Most of the Compton Melotones had the individual stops made up of differing amounts of the harmonics engraved on the rotors. This is very similar to the way that Hammond organs work and if a more or less sinusoidal set of harmonics was available engraved on the rotors a drawbar organ was feasible.

Lucien Nunes

#4
True enough, however what is significant about the CL72 is that in over 30 years of making electric organs, Compton had never yet produced anything with drawbars. They knew it was possible and Wally Fair had at Acton a self-contained remote voicing control box with what amounts to 21-step drawbars used for testing and voicing new stops. Yet in their advertising they went to some pains to point out the advantages, to an organist, of sticking with the tried and tested method of registration using ordinary recognisable stops. Whether this was due to Hammond's patents on the drawbar system, a way of distinguishing the Electrone from the 'imported' competition, or simply inertia (an attribute that seems to have held back the Electrone despite JHC's typically forward-looking approach) I don't know.

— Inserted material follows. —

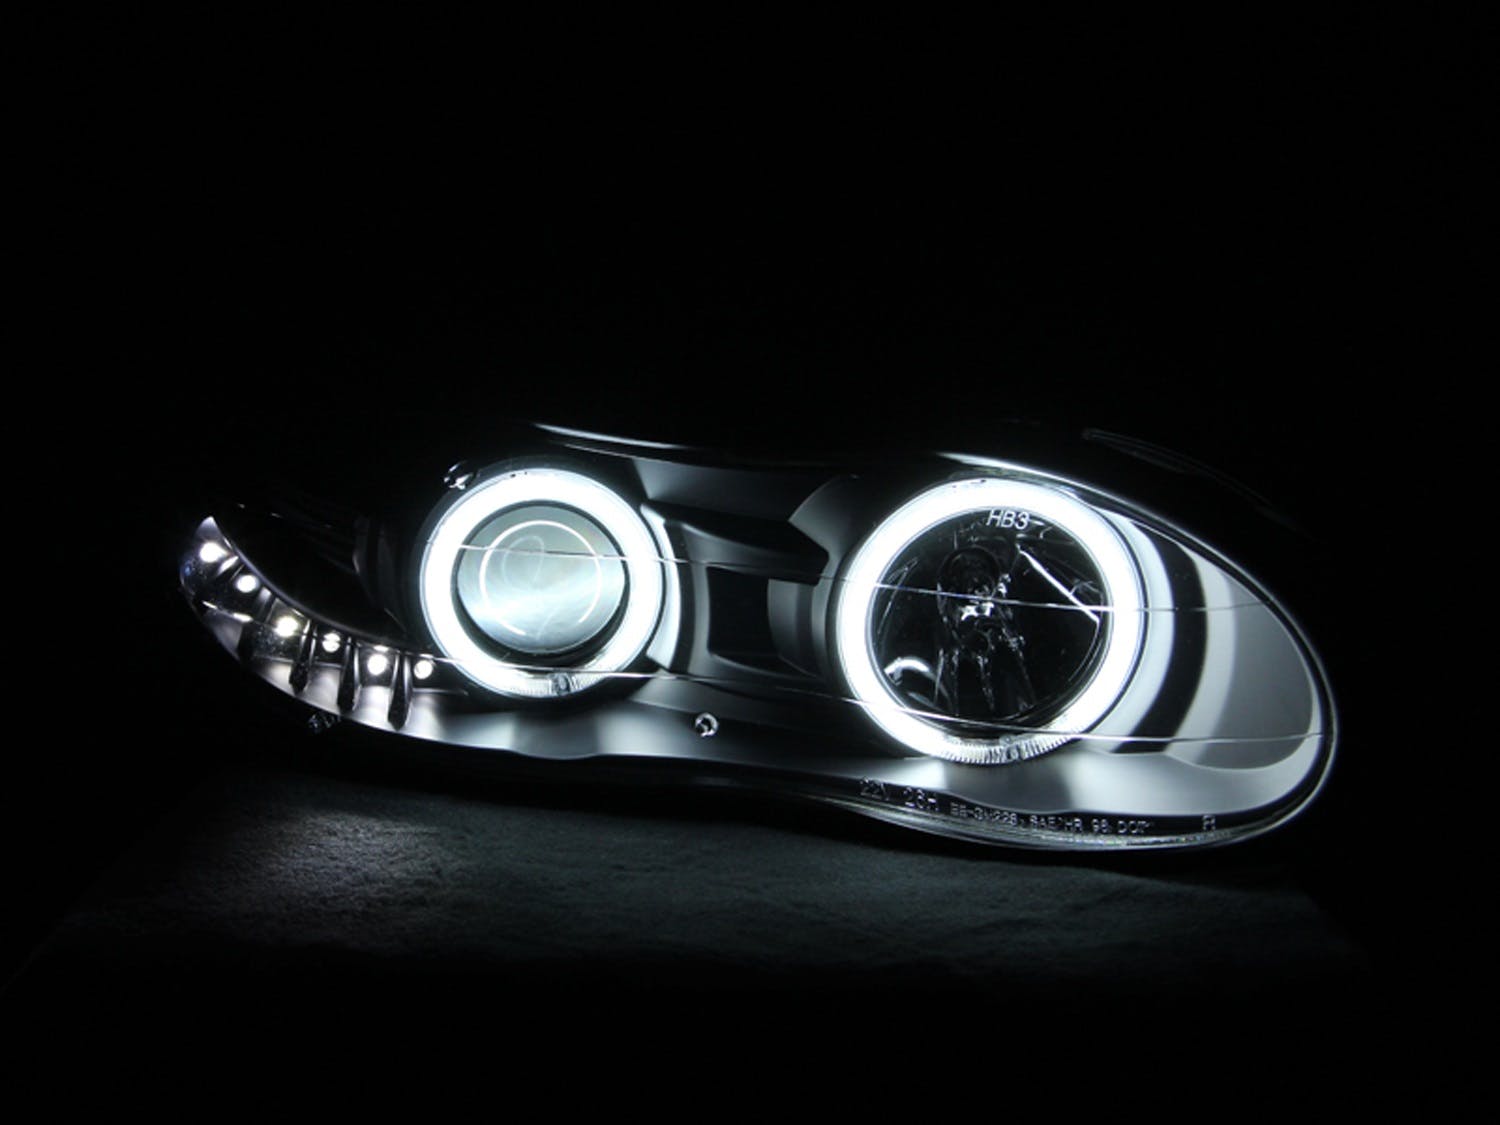 AnzoUSA 121160 Projector Headlights with Halo Black

Compton did not make great inroads into the low-cost home organ market. Their production methods and underlying design were more suited to making church organs such as the successful 357, 363, CH/2 models. Their main contenders against the solid-state electronics in the late 1960s were the models HE/ 1, 2 & 3 all of which share the standard stop tab voicing system, with more or less additional gimmicks. The CL72 appears to break the mould, even the model number does not sound like a Compton number. I have not seen one nor do I know of any survivors, hence my question - does anybody know what was inside it?

Lucien

Bobbell9

Compton's even produced an immensely heavy 88 note electronic piano in the late 1970.